Film

Wszyscy przeciwko wszystkim

Recenzja filmu: „Nowiny ze świata”, reż. Paul Greengrass

„Nowiny ze świata”, reż. Paul Greengrass „Nowiny ze świata”, reż. Paul Greengrass Netflix
Kolejny raz western, gatunek wysłużony i skompromitowany, mimo rażąco stereotypowej dramaturgii wzrusza, a nawet olśniewa niebanalną refleksją o krwawej, poplątanej amerykańskiej historii.

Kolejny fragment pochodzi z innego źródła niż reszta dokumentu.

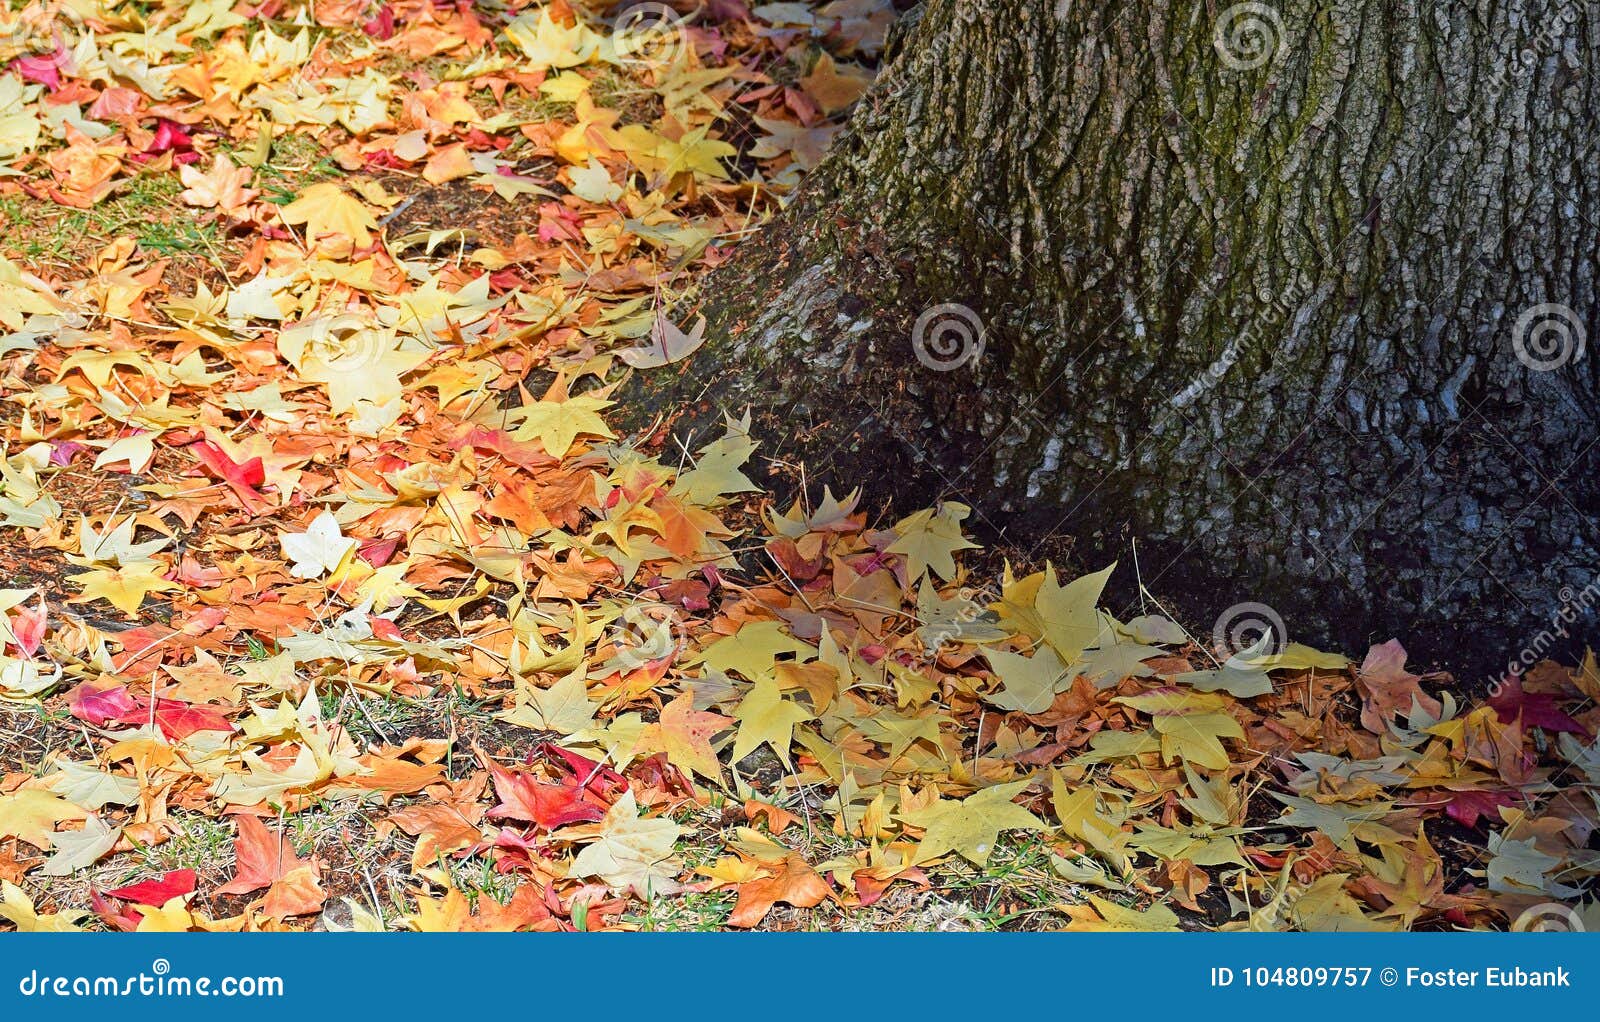 american sweetgum (liquidambar styraciflua) tree leaves on groun nd

Kolejny raz western, gatunek wysłużony i skompromitowany, mimo rażąco stereotypowej dramaturgii wzrusza, a nawet olśniewa niebanalną refleksją o krwawej, poplątanej amerykańskiej historii. Tom Hanks w typowej dla siebie roli przyzwoitego człowieka kierującego się bardziej zasadami serca niż własnego interesu gra tu byłego kapitana konfederatów, któremu pięć lat po zakończeniu wojny secesyjnej tragiczna przeszłość wciąż ciąży na sumieniu. Włócząc się po zrujnowanym, zanurzonym w anarchii Teksasie, pustoszonym dodatkowo przez liczne plagi, bierze pod swoje skrzydła równie zbłąkaną i małomówną duszę co on – sierotę przez sześć lat wychowywaną przez plemię Indian Kiowa (znana z „Błędu systemu” Helena Zengel). Między nim i małą dziewczynką ledwie pamiętającą swoich niemieckich rodziców rodzi się więź, co zapowiada typowy rodzinny melodramat – okazuje się jednak uniwersalną przypowieścią o tym, jak scalić świat, w którym nienawiść, mordowanie, podziały rasowe wydają się normą, a przegrani za nic nie chcą uznać racji zwycięzców.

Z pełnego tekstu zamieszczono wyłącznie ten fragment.